Fecha: 30 de Marzo de 2009

Tribunal: TSJ Extremadura

Ponente: BRAVO GUTIERREZ, PEDRO

Nº de sentencia: 167/2009

Núm. Cendoj: 10037340012009100168

Resumen:
Se desestima el recurso de suplicación interpuesto contra la Sentencia dictada por el Juzgado de lo Social nº 1 de Badajoz, sobre despido disciplinario. Alegándose por los demandantes y ahora recurrentes que su despido vulnera el derecho a la tutela judicial efectiva, no existen esos indicios razonables de que la empresa haya adoptado su decisión porque los despedidos tuvieran intención de iniciar un proceso judicial contra la empresa. No procede declarar la nulidad de los despidos acordados por la empresa, la cual, al probar ciertos incumplimientos de los trabajadores, habría acreditado también que su actuación no fue contraria al derecho fundamental que se alega como infringido por los demandantes, pues los despidos tuvieron una justificación objetiva y razonable aunque puedan calificarse como improcedentes.

Encabezamiento

T.S.J.EXTREMADURA SALA SOCIAL

CACERES

SENTENCIA: 00167/2009

TRIBUNAL SUPERIOR DE JUSTICIA DE EXTREMADURA

SALA DE LO SOCIAL (C/PEÑA S/Nº (TFNº 927 620 236 FAX 927 620 246)CACERES)

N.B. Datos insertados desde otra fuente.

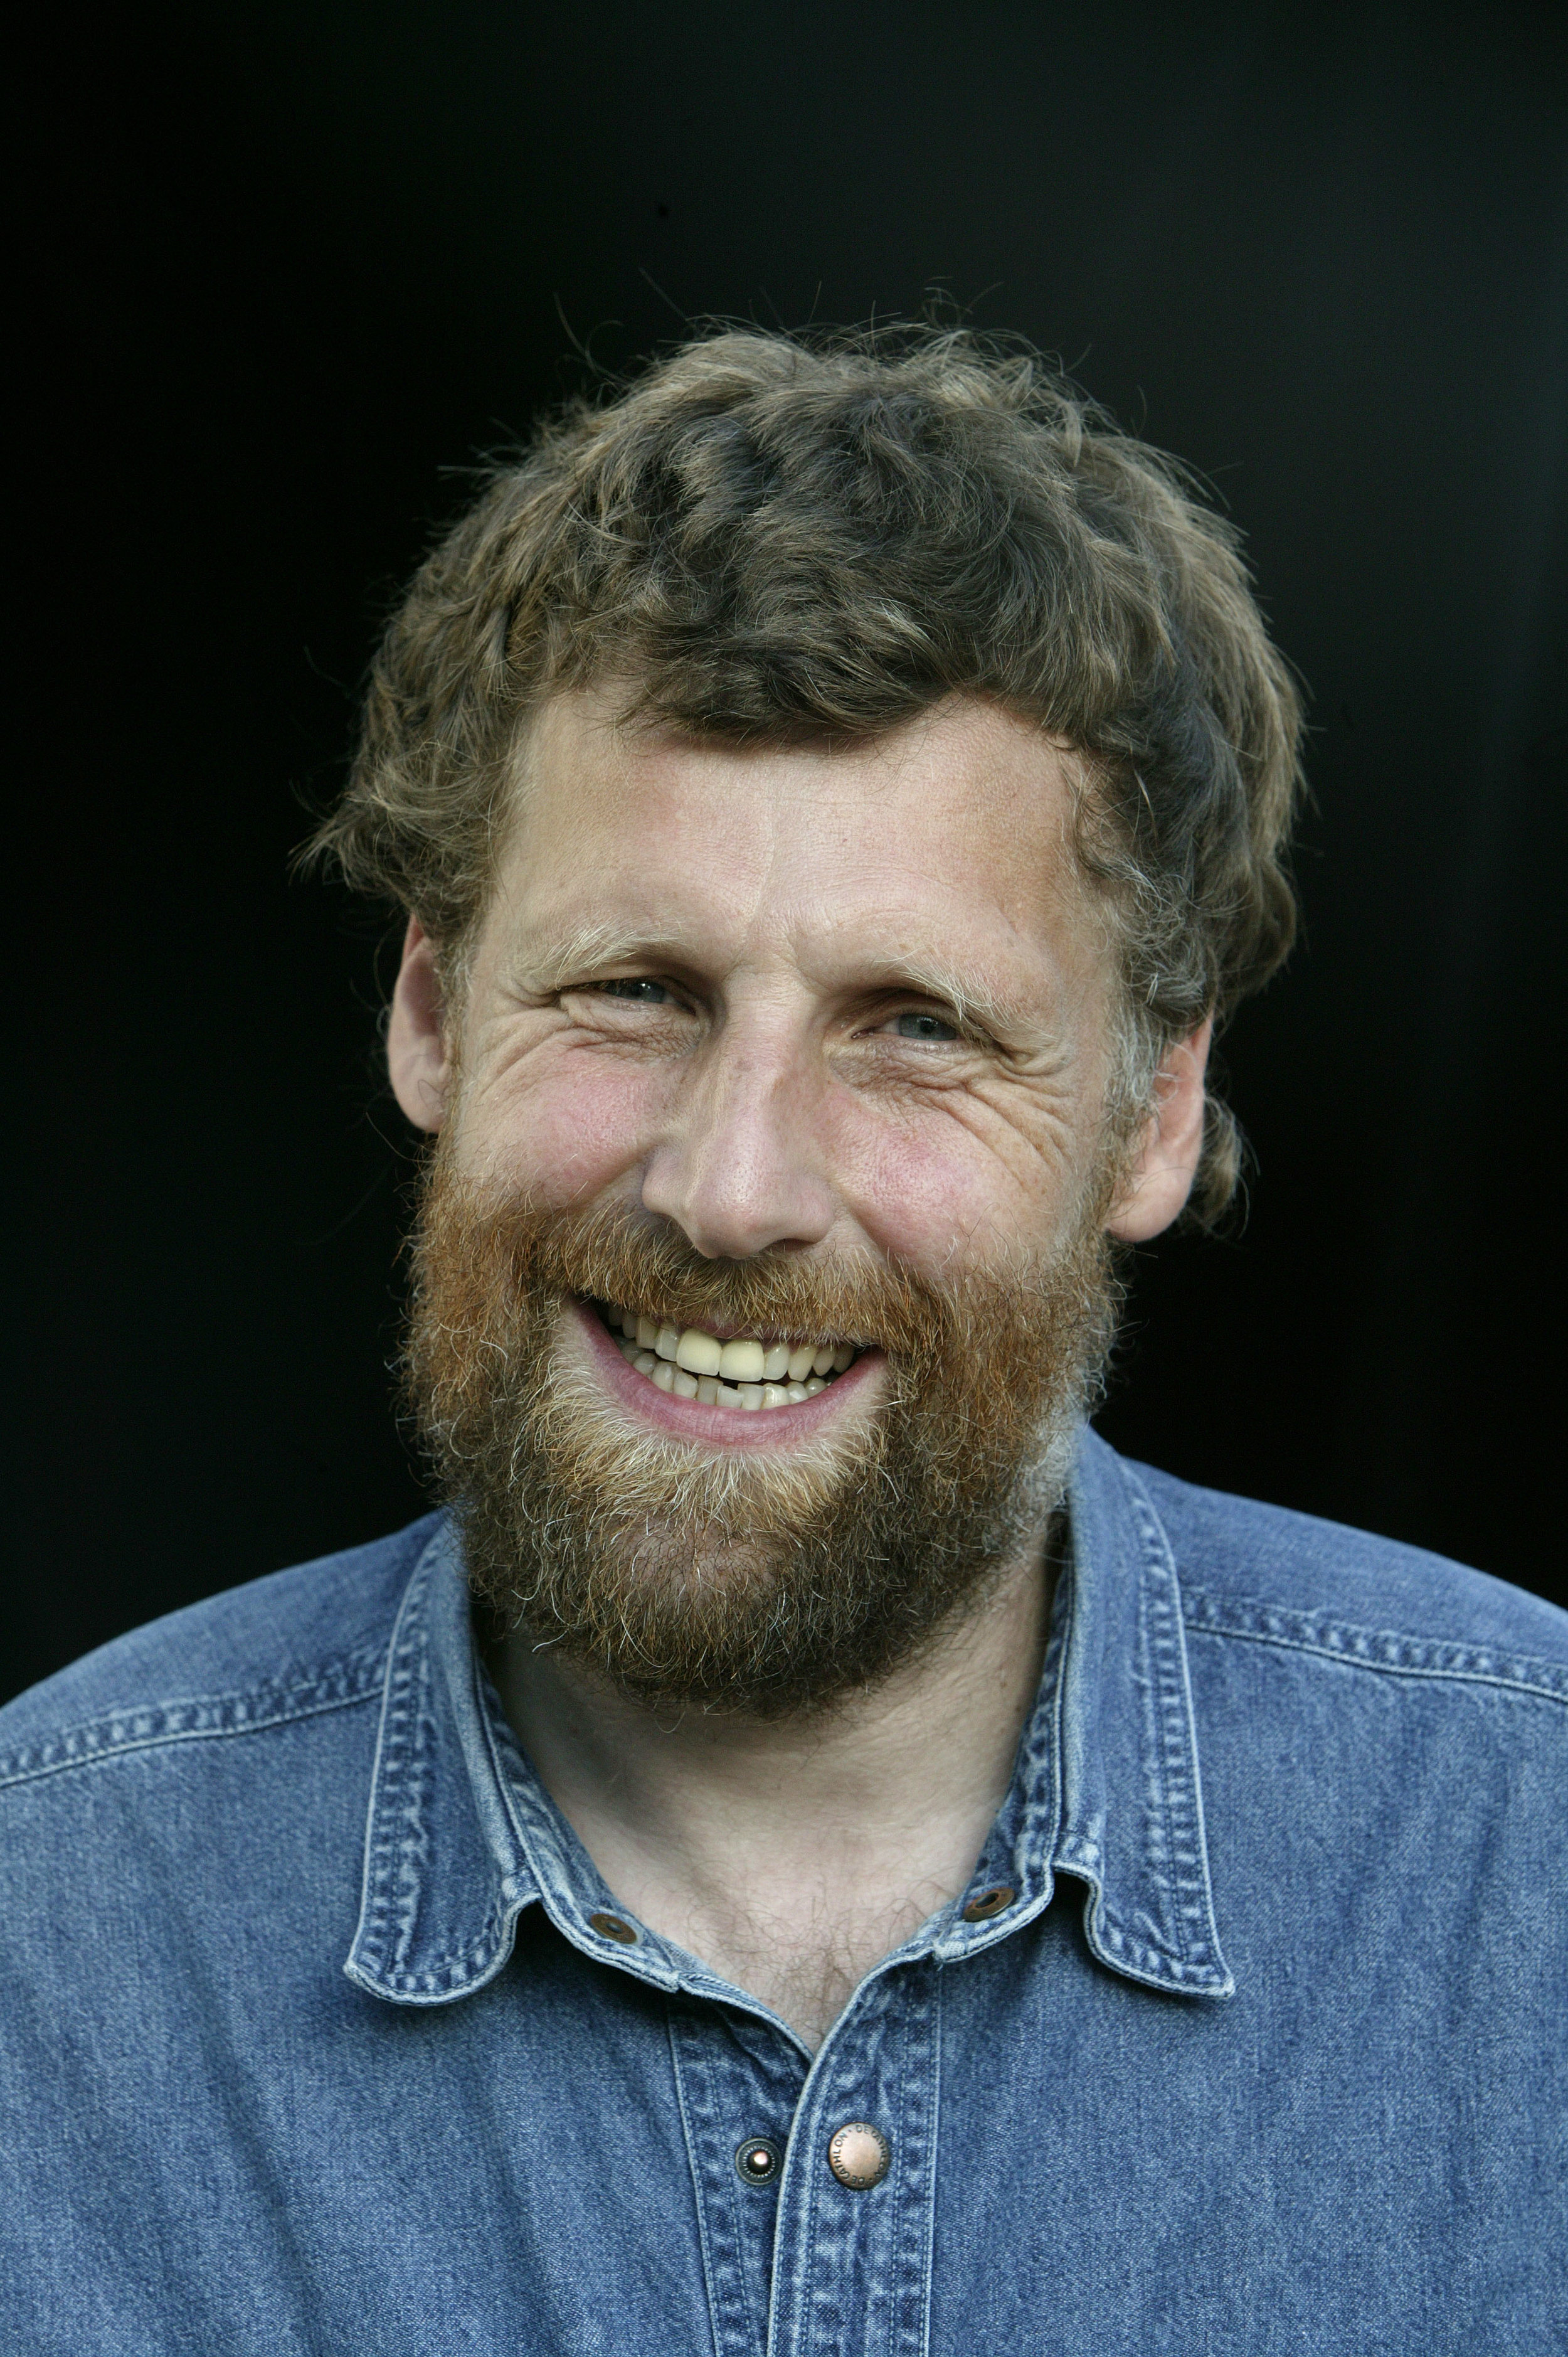 Alistair McIntosh

N.I.G: 10037 34 4 2009 0100092, MODELO: 40225

TIPO Y Nº DE RECURSO: RECURSO SUPLICACION 87 /2009

Materia: DESPIDO DISCIPLINARIO

Recurrente/s: Silvio y Juan Luis

Recurrido/s: FOMENTO DE CONSTRUCCIONES Y CONTRATAS,S.A.

JUZGADO DE ORIGEN/AUTOS: JDO. DE LO SOCIAL N. 1 de BADAJOZ de DEMANDA 382 /2008

Ilmos. Sres.

D. PEDRO BRAVO GUTIÉRREZ

Dª ALICIA CANO MURILLO

Dª MANUELA ESLAVA RODRÍGUEZ

En CACERES, a treinta de Marzo de dos mil nueve, habiendo visto las presentes actuaciones de la Sala de lo Social de este Tribunal Superior de Justicia, compuesta por los Ilmos. Sres. citados, de acuerdo con lo prevenido en el artículo 117.1 de la Constitución Española,

EN NOMBRE DE S.M. EL REY

Y POR LA AUTORIDAD QUE LE CONFIERE

EL PUEBLO ESPAÑOL

Ha dictado la siguiente

S E N T E N C I A nº 167/09

En el RECURSO SUPLICACION 87 /2009, formalizado por el Sr. Letrado D. URBANO RANGEL ROMERO, en nombre y representación de D. Juan Luis Y DON Silvio , contra la sentencia de fecha 24/9/08, dictada por EL JDO. DE LO SOCIAL N. 1 de BADAJOZ en sus autos número 382 /2008, seguidos a instancia de los recurrentes frente a FOMENTO DE CONSTRUCCIONES Y CONTRATAS,S.A., parte demandada representada por el Sr. Letrado D. RODRIGO BRAVO BRAVO en reclamación por DESPIDO DISCIPLINARIO, siendo Magistrado-Ponente el Ilmo. Sr. D. PEDRO BRAVO GUTIÉRREZ, y deduciéndose de las actuaciones habidas los siguientes,

Antecedentes

PRIMERO: Según consta en los autos, se presentó demanda por la citada parte actora contra la mencionada parte demandada, siendo turnada para su conocimiento y enjuiciamiento al señalado Juzgado de lo Social, el cual, tras los pertinentes actos procesales de tramitación y previa celebración de los oportunos actos de juicio oral, en el que quedaron definitivamente configuradas las respectivas posiciones de las partes, dictó la sentencia referenciada anteriormente.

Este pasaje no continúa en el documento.